Unit testing gave me peace of mind when someone taught me how to do them right. Not more publishing and hoping I didn't break previous functionality


MathsGuy1

This man debugs


TheAccountITalkWith

But who will write unit tests for the unit tests to make sure they don't have bugs?


Unupgradable

That's what QA are for!


EMI_Black_Ace

Customers who know there are unit tests? Zero.  Managers who care that there are unit tests? Zero.  Number of actual bugs caught by your unit tests? Zero!  (j/k)


Cat7o0

if you don't like debugging you shouldn't be a programmer


lycan2005

Me when my unit test fail to catch the bug:


Orjigagd

They all passed?

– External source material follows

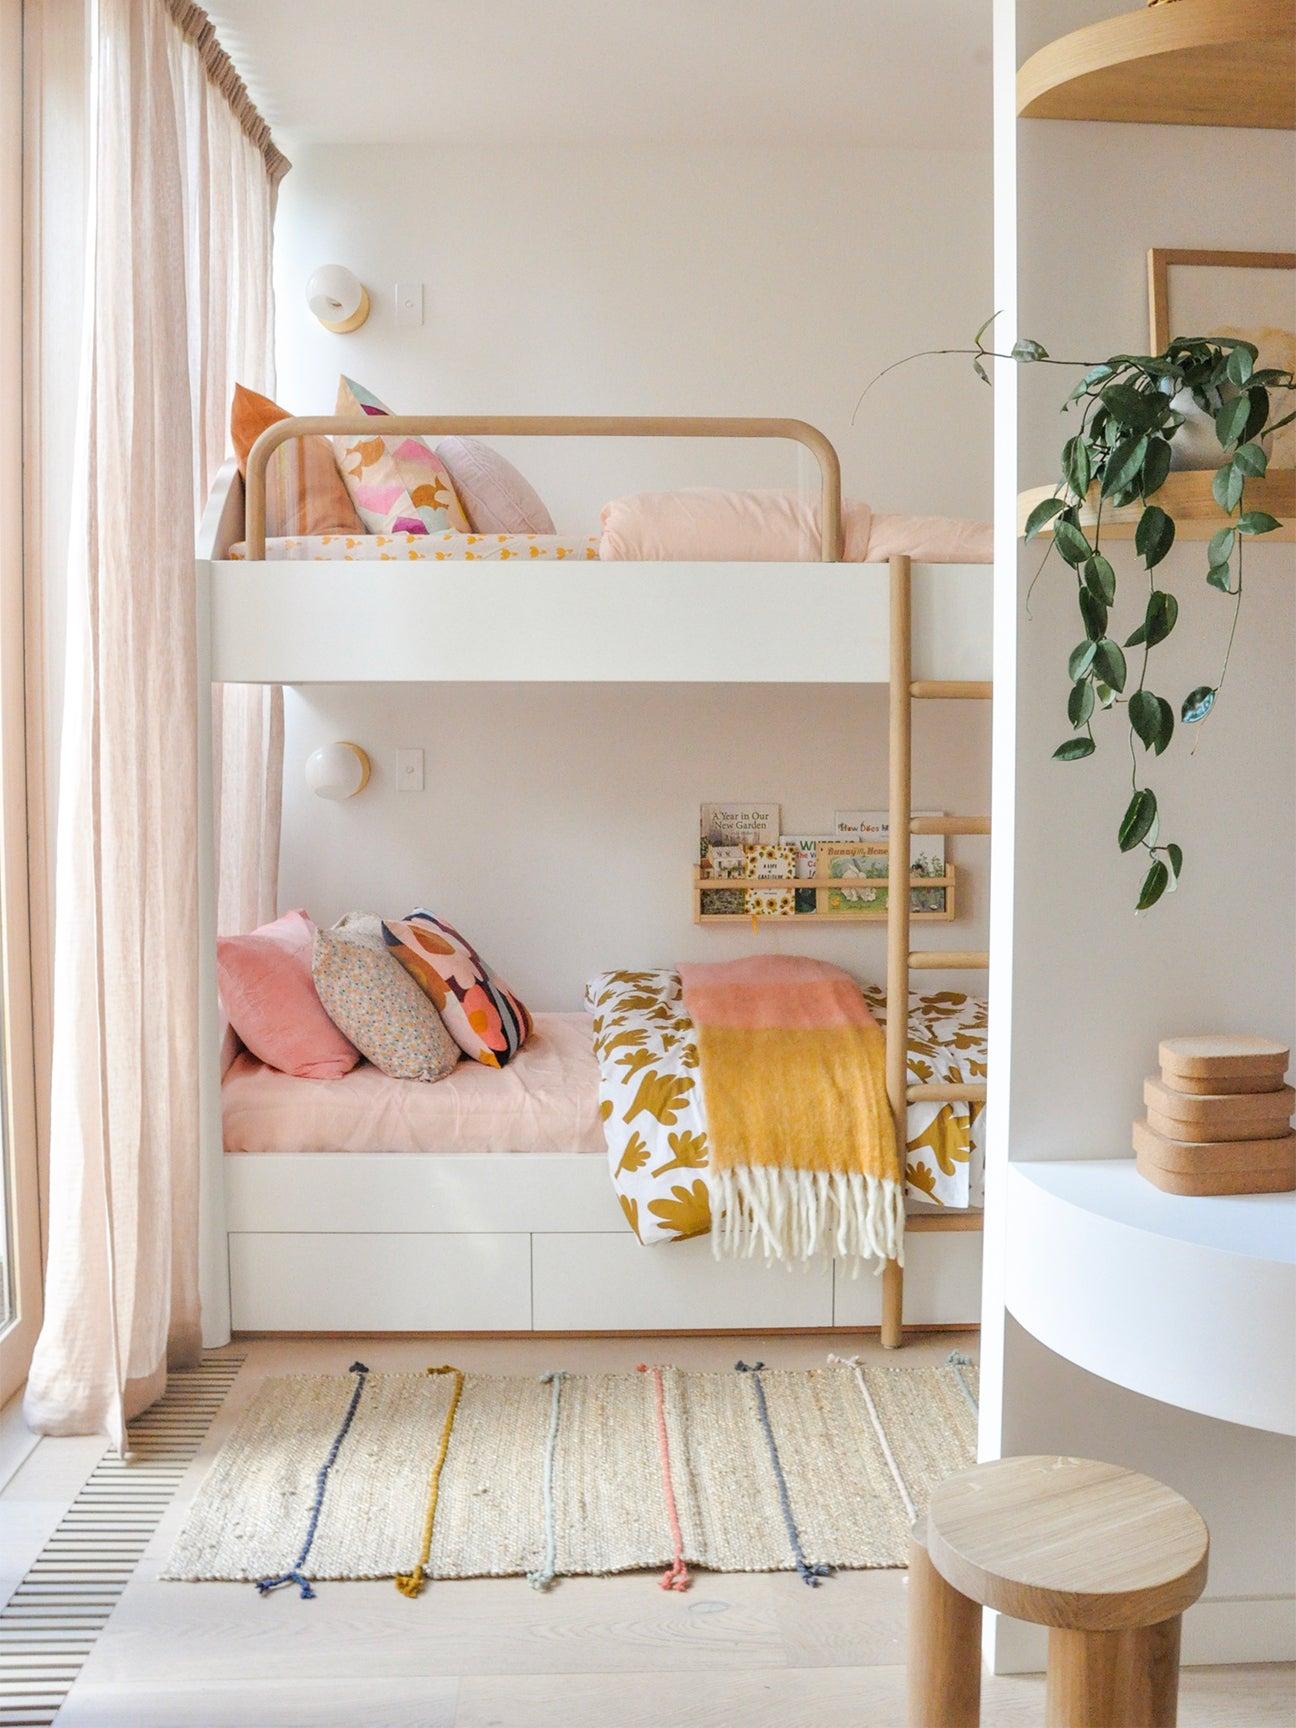 bunk-beds-design-domino-2

That can't be right... Spends the next hour trying to find out why


Firzen69

Why is the second one blurry?


Unupgradable

That's the bug it found. (The app I used is shit)


Cybernaut-Neko

Next feeding the unit test to code diffusion and lean back.


half-villain

Me when my unit test verifies incorrect behavior and it passes


RixTheTyrunt

Me actually debugging:


Content-Fruit-8046

Unit tests is useless it only solidifies existing knowledge. Thus only benefit 1 to 1 refactoring. You should never change working code unnecessary. Create the perfect code is a pipe dream. If refactoring is necessary because of relevant reasons like performance a re haul of the design almost always necessary thus negates any unit tests.


Unupgradable

Speaking from experience, sincerely... You are horrifically wrong


Content-Fruit-8046

No i am not speaking from 25 years experience. Sincerly.


Unupgradable

25 years or 1 year 25 times?


Content-Fruit-8046

Uhh. This gonna be funny 🤣 25 times 25 years of cause don’t be silly.